A laugh greeted the assertion.
"Technically speaking a by-product is something that is turned to account from what would otherwise have been waste. Every person who manufactures on a large scale tries to think what he can do with what is left after he has made the thing he started out to make. This he does for two reasons: first he wishes to turn back into money every ounce of material for which he has paid; secondly he desires to get rid of stuff which would otherwise accumulate and (if not combustible) force him into the added expense of carting it away. In other words he seeks to convert his waste into an asset instead of a liability. Therefore all big producers tax their brains to invent things that can be made from their waste, and such commodities are called by-products. Many of these things require no ingenuity for frequently they are articles much needed in other trades. Masons, for example, are only too thankful to have the hair taken from tanned leather to hold their plaster together; and those who dry and salt fish can easily turn the fish skins into glue. The by-products of great packing houses and tanneries are legion. Often such dealers will have at hand such a supply of usable stuff that they will establish other factories where their unused materials can be converted into cash. The sale of these products often increases very materially the profits of a business. Such a product is cottonseed oil. As millions more seeds mature each year than can possibly be used for planting why not turn them to account? Often there are from sixty-five to seventy-five pounds of seeds to a hundred pounds of cotton. Think how rapidly they would accumulate if something could not be done with them. During the war when we were unable to get olive oil from Italy and fats of all kinds were scarce we were thankful enough to fall back on the cottonseed oil made in our own country. At the oil mills machines are ready to clean the cotton seeds of lint, hull them, separate hull from kernel, and press the oil from the kernel itself. This oil is then bottled, labelled, and shipped for sale, making quite an independent little industry, you see.
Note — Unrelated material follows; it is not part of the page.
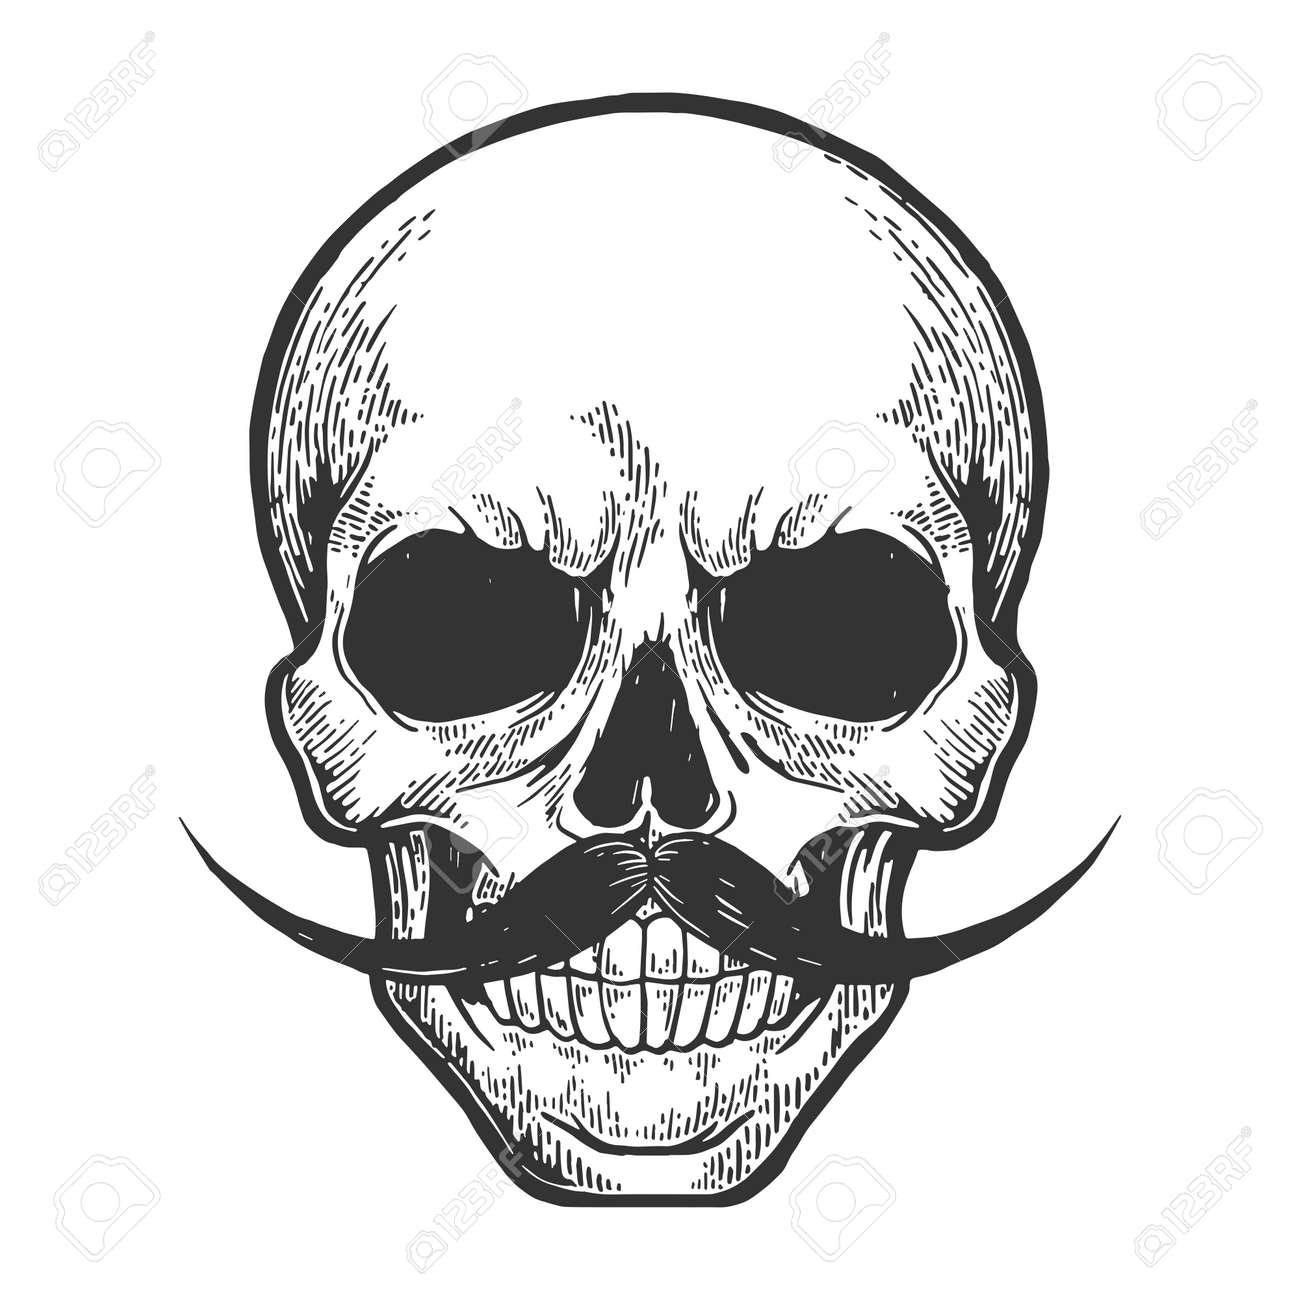 Human skull sketch engraving vector illustration. Scratch board style imitation. Hand drawn image. - 121609027
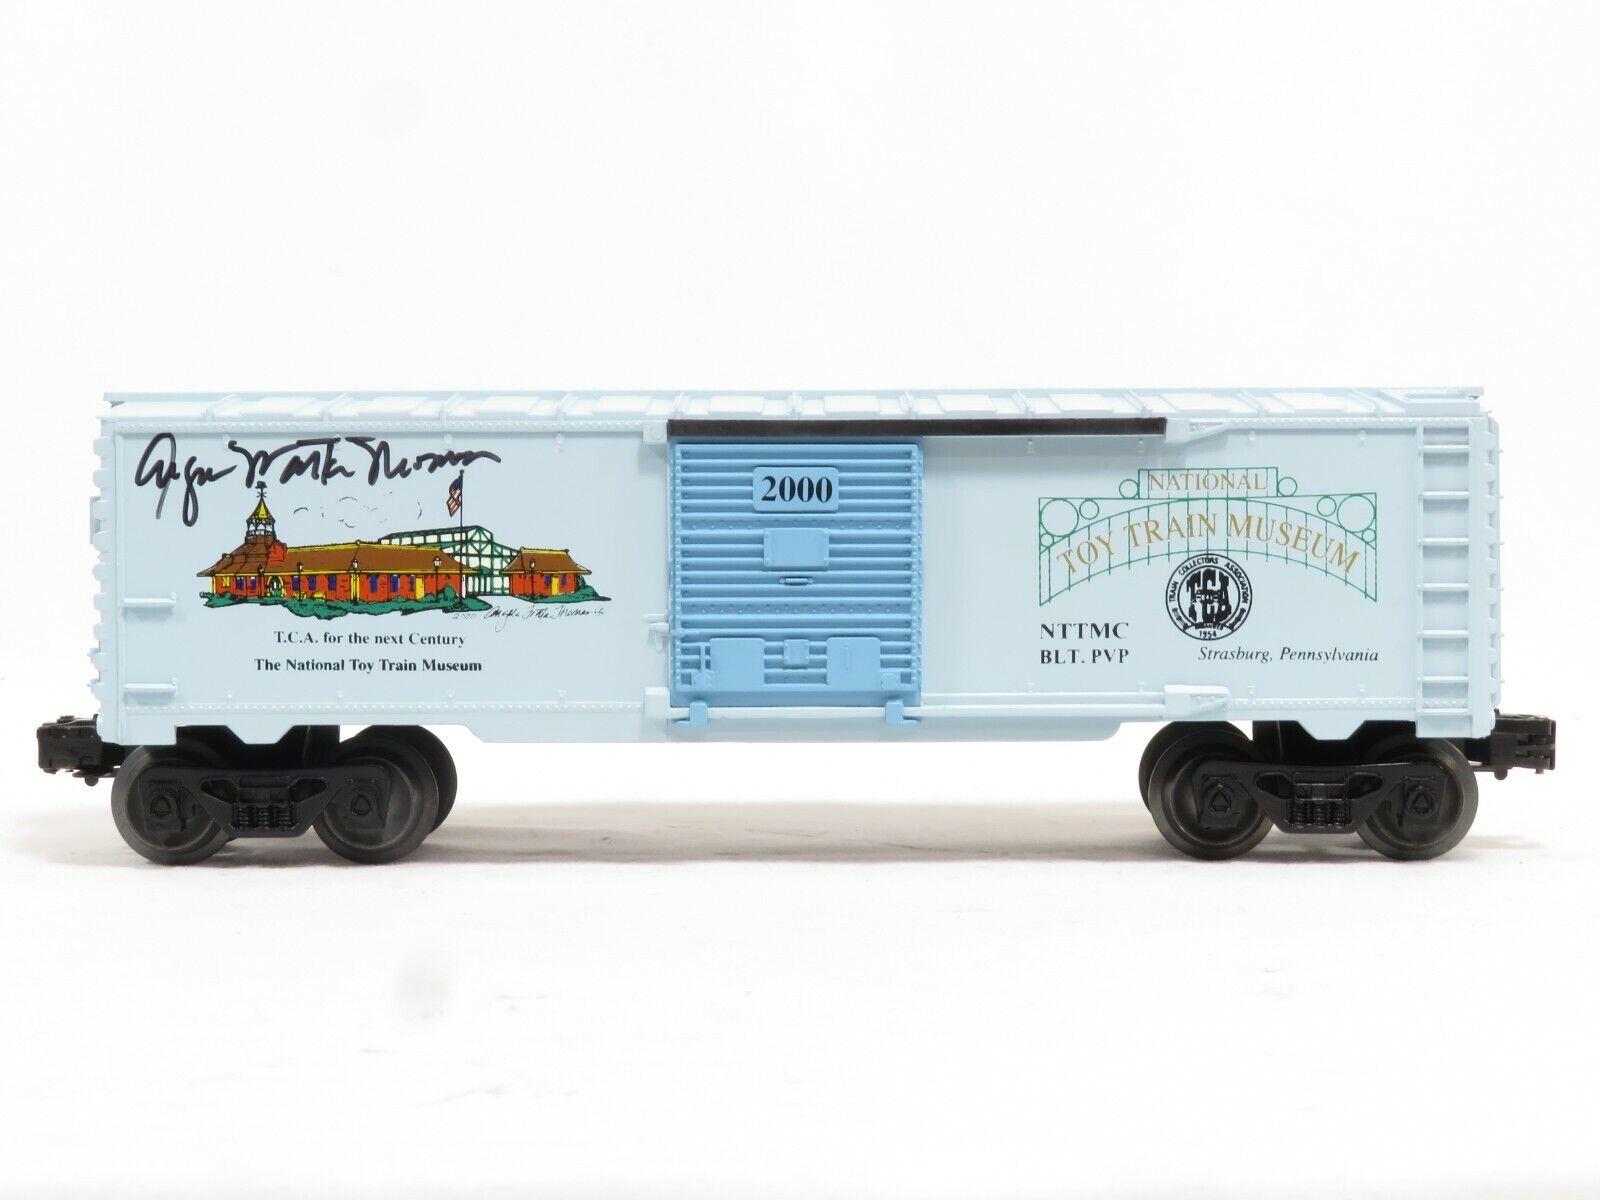 LIONEL 2000 National Toy Train Museum 2000 Signed Angela Tredta Thomas NIB

What is left of the crushed kernels is removed from the hydraulic presses and is remolded into small cakes to be used for——" he paused, glancing quizzically toward Carl and Mary.
"For what?" the boy asked.
"Guess!"
"I've not the most remote idea," Carl returned.
"Nor I!" echoed Mary.
"For cattle to eat," went on Captain Dillingham, completing his unfinished sentence.
"Even the hulls," he continued, "are, I believe, utilized in some way; and as I previously told you the lint which clings to the seeds is passed through a second sort of gin, gathered into a bundle, and afterward put through a carding engine which combs it out and prepares it so it can be made into wadding for coverlids, quilted linings, and quilted petticoats. All the gins then collect whatever material is left and this, being absolutely too poor for any other purpose, is sold as cotton waste to be used for cleaning machinery and polishing brass and nickel trimmings. Were we individuals half as thrifty as are manufacturers in salvaging the odds and ends that come our way we might save ourselves many a penny. Every year we Americans throw away enough food and wearing apparel to maintain a small army. We are, alas, a very wasteful people and are constantly becoming more so. Our ancestors used to lay aside buttons, string, papers, scraps of cloth and use them again. They made over clothing, fashioned rag rugs, conserved everything they could lay hands on. Their attics were museums where were horded every sort of object against the time when it might be needed. But do we follow their example? No, indeed! In fact, we go to the other extreme and hurry out of the house, either to a junk dealer or a rummage sale, everything we cannot find immediate use for. To a certain extent our mode of living has forced us to this course. Most of us reside in cramped city quarters where there are no spacious attics in which to garner up articles against a rainy day. Modern apartment dwellers boast neither attic nor cellar, to say nothing of a farmer's barn loft. Moreover, we all must scramble so fast to earn our daily bread that we have no time to make over the old; it is cheaper, we reason, to purchase new than to fuss with remodelling. Neither are materials what they were in the old days. Few of the fine old silks and woolens that would wear for a generation are to be had at present. Also we have more money than our forebears and this has much to do with our wholesale wastefulness. With plenty of everything at hand, why save? And the policy the individual is following on a small scale the nation is adopting on a much vaster one. We are using up our forests, our mines, all our resources with no thought of the morrow. We ought to stop and think about this before it is too late but I doubt if we ever will."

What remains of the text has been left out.